I agree with you that when a battery actually fails it is usually apparent.
However I am only marginally concerned with any warranty issues.
Some of the problems I am faced with are as follows
I have battery monitors on several of the installations.
Victron Energy BMV 600S
https://www.victronenergy.com/manuals-per-product/?productid=188
They do a good job of monitoring the batteries and more importantly they provide a read out that is comprehensible to the average user. But they can only provide reliable information if they are properly calibrated upon installation and then again as the battery bank ages.
Secondly everything about a battery bank is about balance. The controller, inverter, and charger must see however many batteries that are in the bank as one. If there is an imbalance the entire bank becomes more or less dysfunctional. As batteries age they lose capacity and in a perfect world would do so evenly. That is not usually the case.
So having the ability to calculate the battery's capacity take on more of a meaning than just failure.
There are two
different and not easily reconcilable methods to measure a battery's capacity.
Amp Hours and Reserve Capacity.
Don't try to compare the two. The figures are arrived at via two completely different methods. Believe me I have tried to find a formula to convert one into the other and they are only roughly accurate.
From the specification sheet I attached earlier there was an 186 AH battery. That is calculated a the C-20 value. That means this particular battery should be able to deliver 186 amps of output over a 20 hour period or it can maintain a 9.3 amp load for 20 hours. That does not mean it will deliver 20 amps for 9.3 hours, in fact it won't. Peukert law comes into effect.

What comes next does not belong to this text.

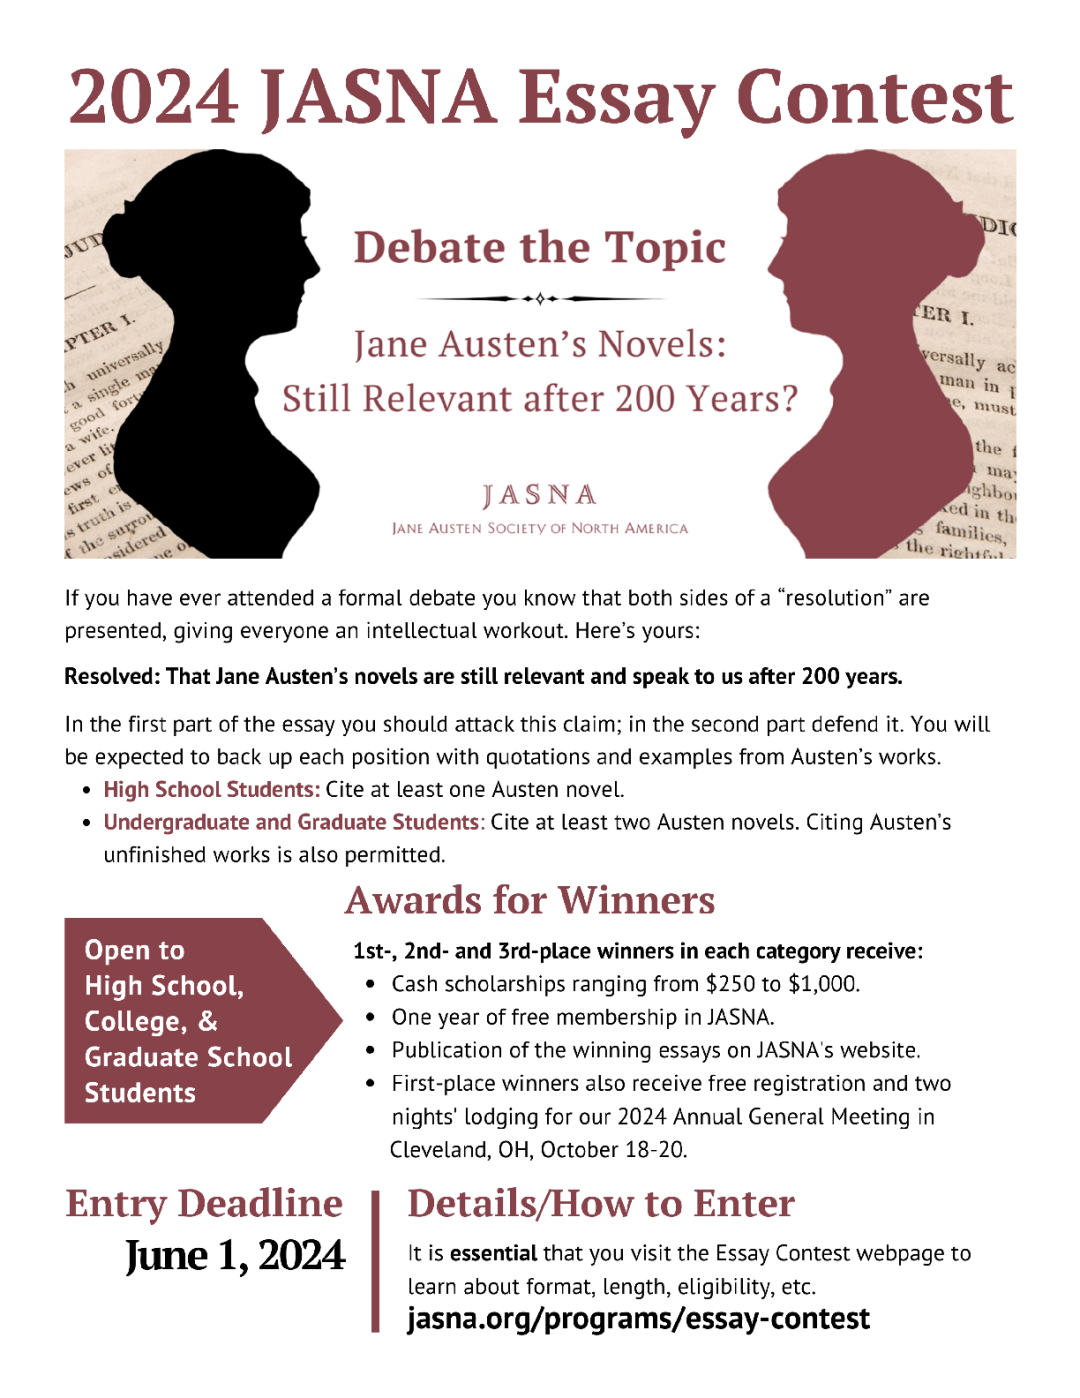 高含金量写作竞赛｜简 · 奥斯汀写作竞赛 JASNA Essay Contest 来了！
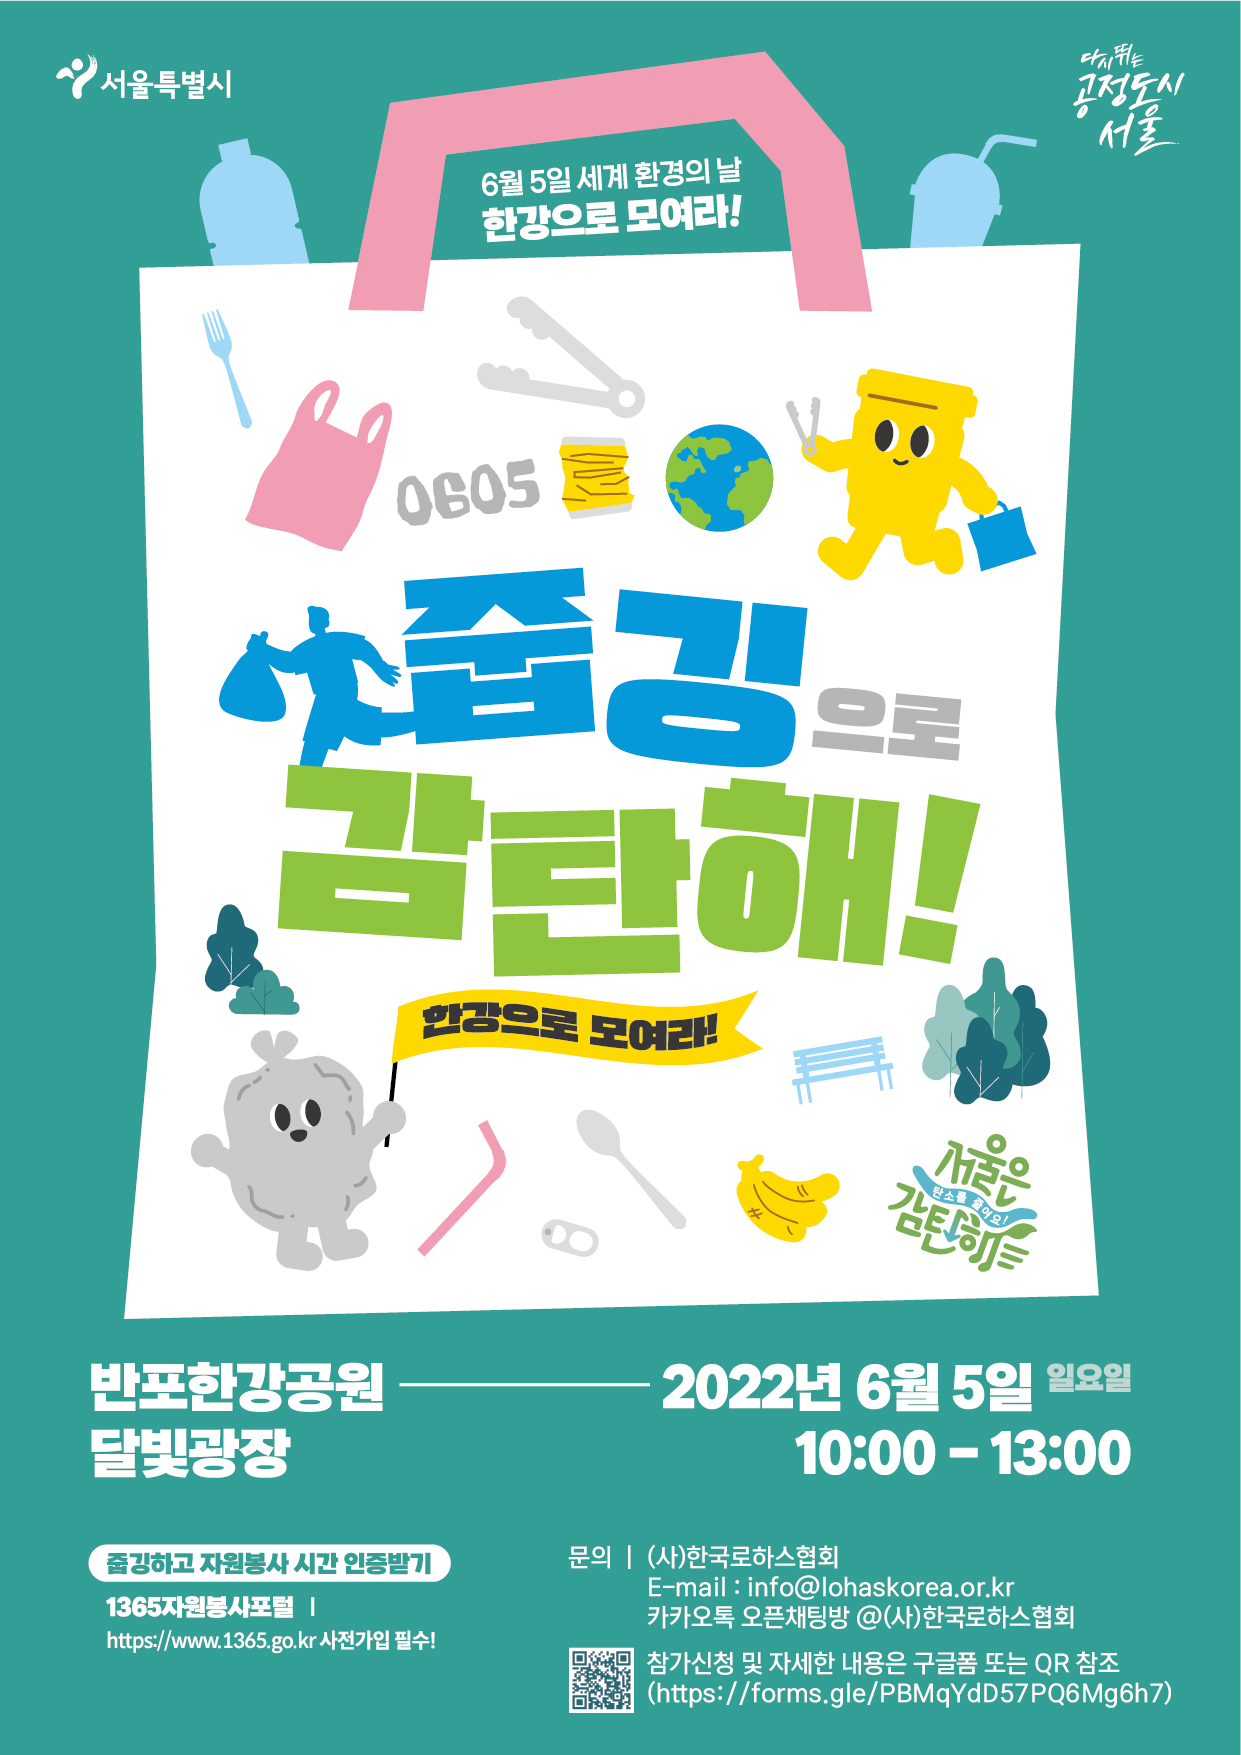 세계 환경의 날, 서울시 한강 줍깅 행사

To make a tester based upon AH it would require an accurate variable load other wise any tester made would be specific to only one type of battery.
For this same battery the manufacture lists the reserve capacity.
It says that if you place a 25 amp load on the battery it should be able to maintain a voltage equal to or greater than 5.25 volts under the 25 amp load for 390 minutes. At the point the battery hit 5.25 volts it is considered completely discharged.
The C numbers used in the AH rating have no meaning here.
How they arrive at these figures I don't know. It maybe though actual tests or through some fancy computer model. The beauty of it is that all deep cycle batteries list the reserve capacity and the ratings are based upon either 25 or 75 amps. Both values are given. Therefore a tester such as we are trying to make need only provide a load of 25 amps and measure the time it take to reach 5.25 volts for a comparison to the manufacture's specifications or a comparison to the last testing cycle or a comparison to the other batteries in the bank.
Make sense

One fixed load and time it takes to reach complete discharge no matter which type or size battery is being tested. In fact the loads are the same for 12 volt batteries the only difference is the terminal voltage is 10.5 instead of 5.25. It really makes things much simpler.
Just this morning I was in a conversation with Trojan battery. The question I posed to them was, Is the top half of a battery's capacity equal to the bottom half?
Can we discharge a battery to 50% or its capacity double that figure and arrive at 100%.
I hope so however the question has been referred up the chain to the engineering department.
The answer will of course effect both the design and usage of this proposed tester.
I will ask and get conformation on the trigger point for 50 and 80% also and I will make certain that is under the 25 amp load.